● **Provided records**:
Start of Block
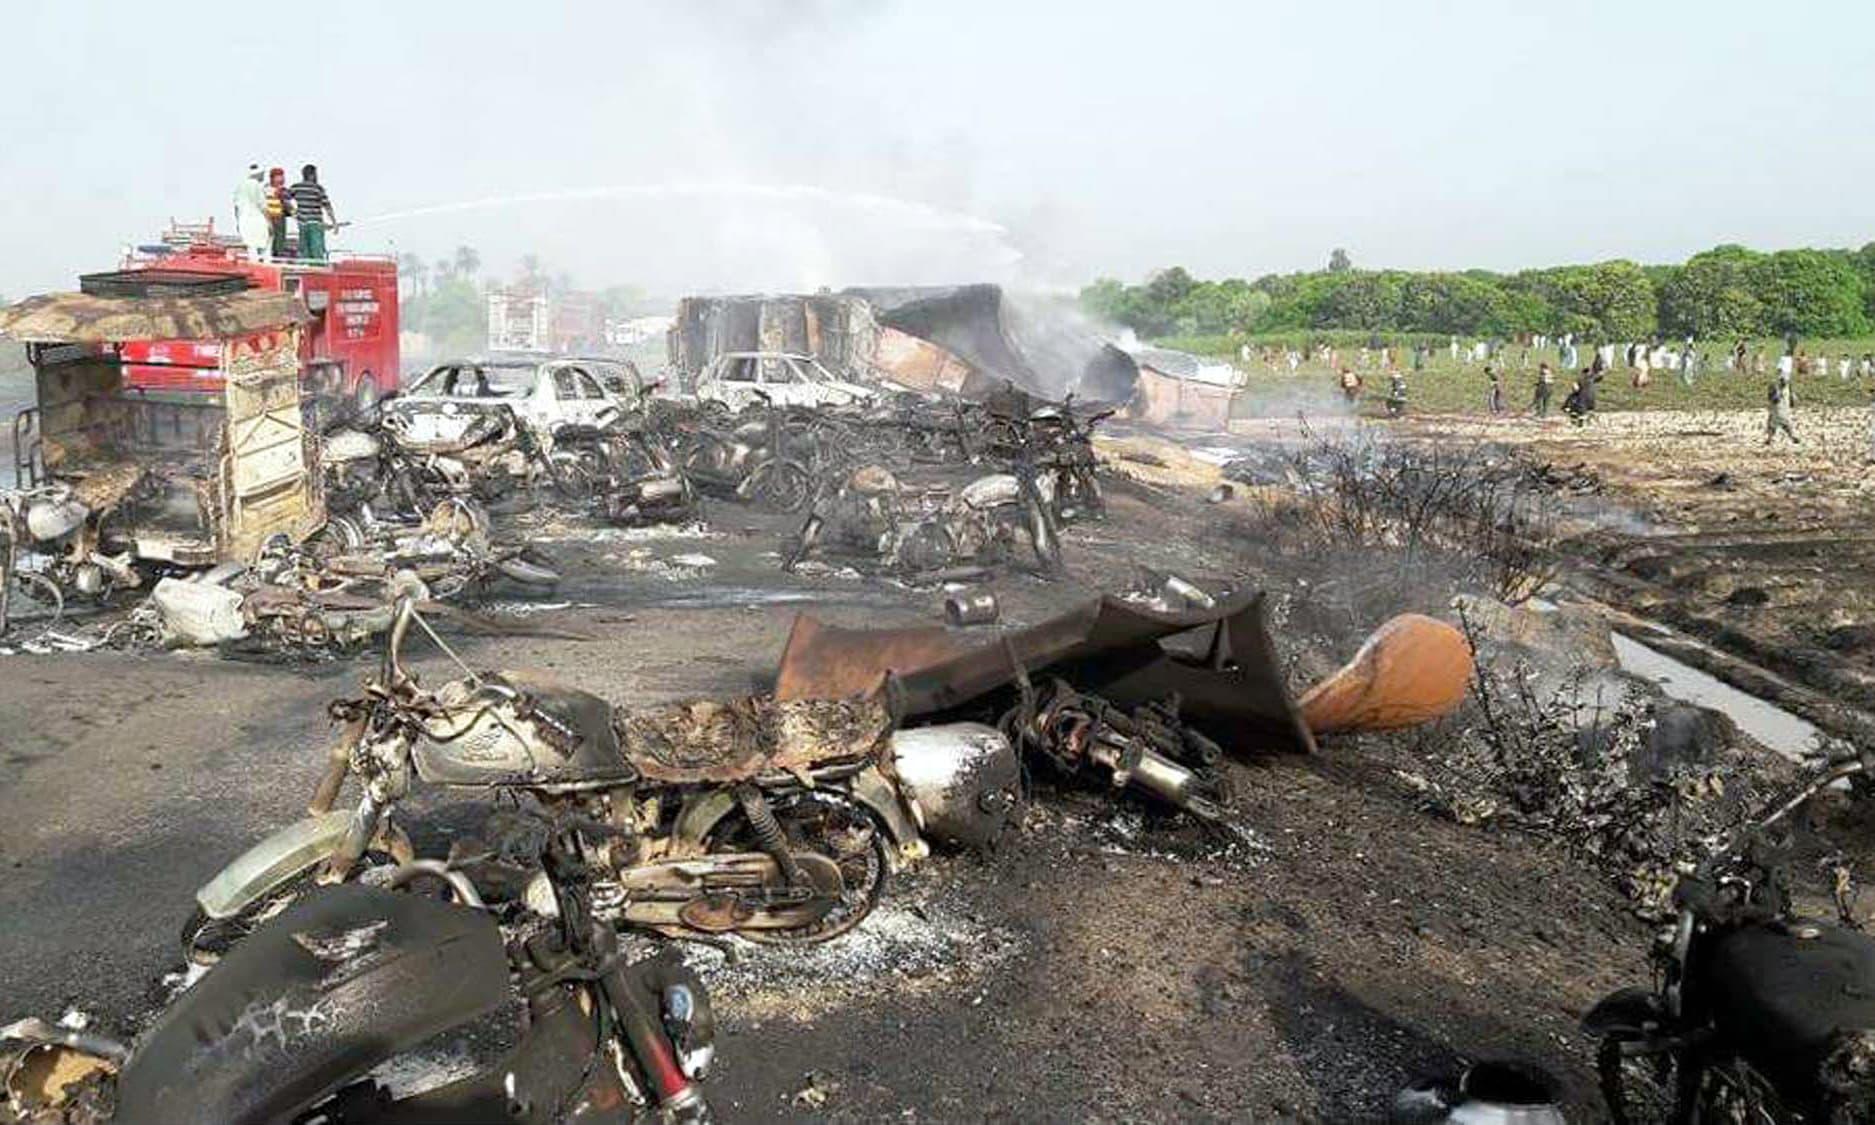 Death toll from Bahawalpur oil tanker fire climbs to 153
End of Block
Start of Block
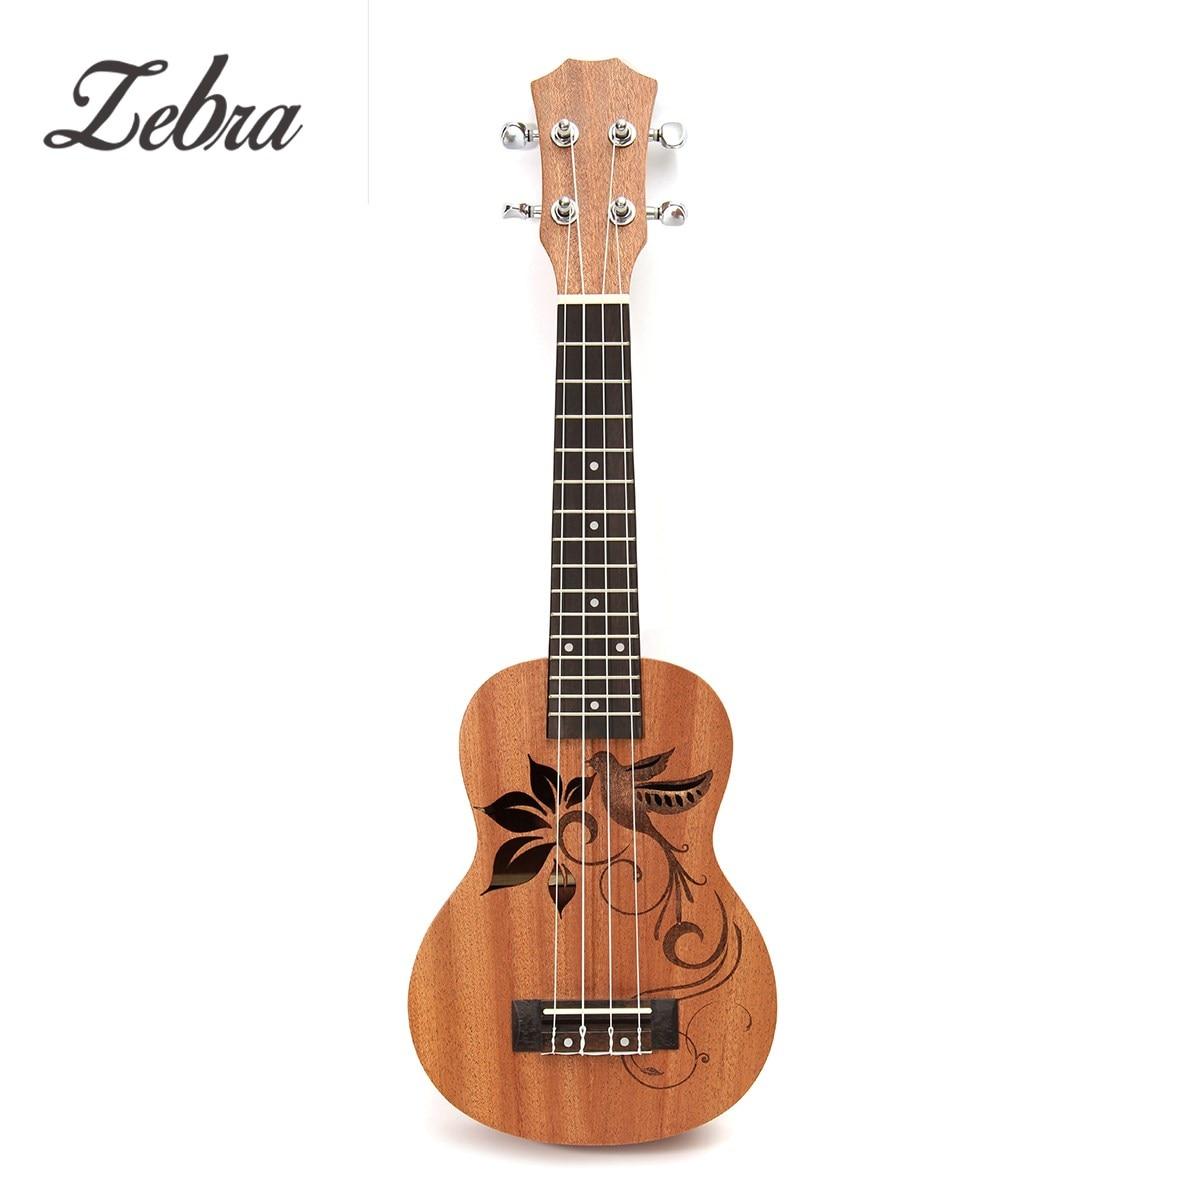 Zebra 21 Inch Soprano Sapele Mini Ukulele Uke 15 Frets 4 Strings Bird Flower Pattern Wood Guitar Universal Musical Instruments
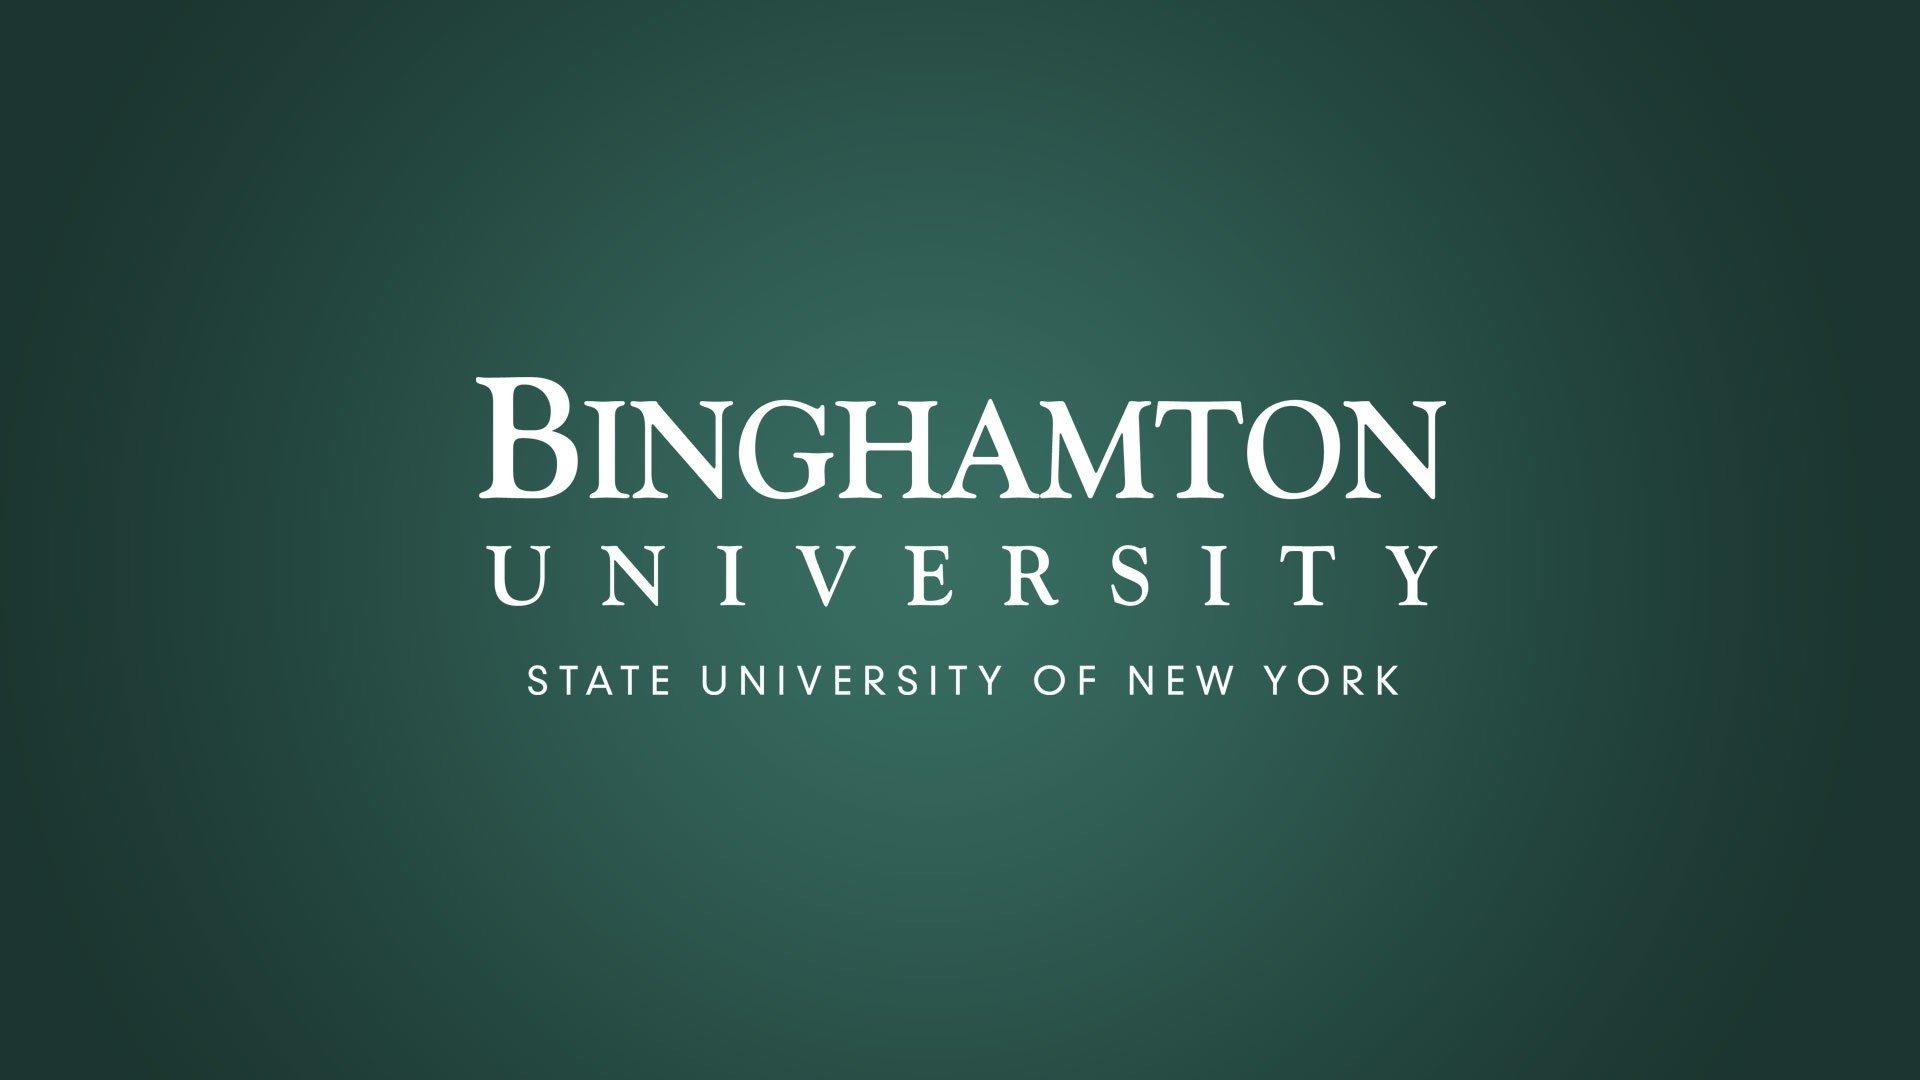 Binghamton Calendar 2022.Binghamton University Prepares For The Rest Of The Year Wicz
End of Block
● **Your goal**:
Copy only this from above: the line containing "Zebra 21 Inch", the line containing "Binghamton Calendar 2022.Binghamton", and all lines between, printed exactly. Leave out the pictures.

● **Written answer**:
 Zebra 21 Inch Soprano Sapele Mini Ukulele Uke 15 Frets 4 Strings Bird Flower Pattern Wood Guitar Universal Musical Instruments
 Binghamton Calendar 2022.Binghamton University Prepares For The Rest Of The Year Wicz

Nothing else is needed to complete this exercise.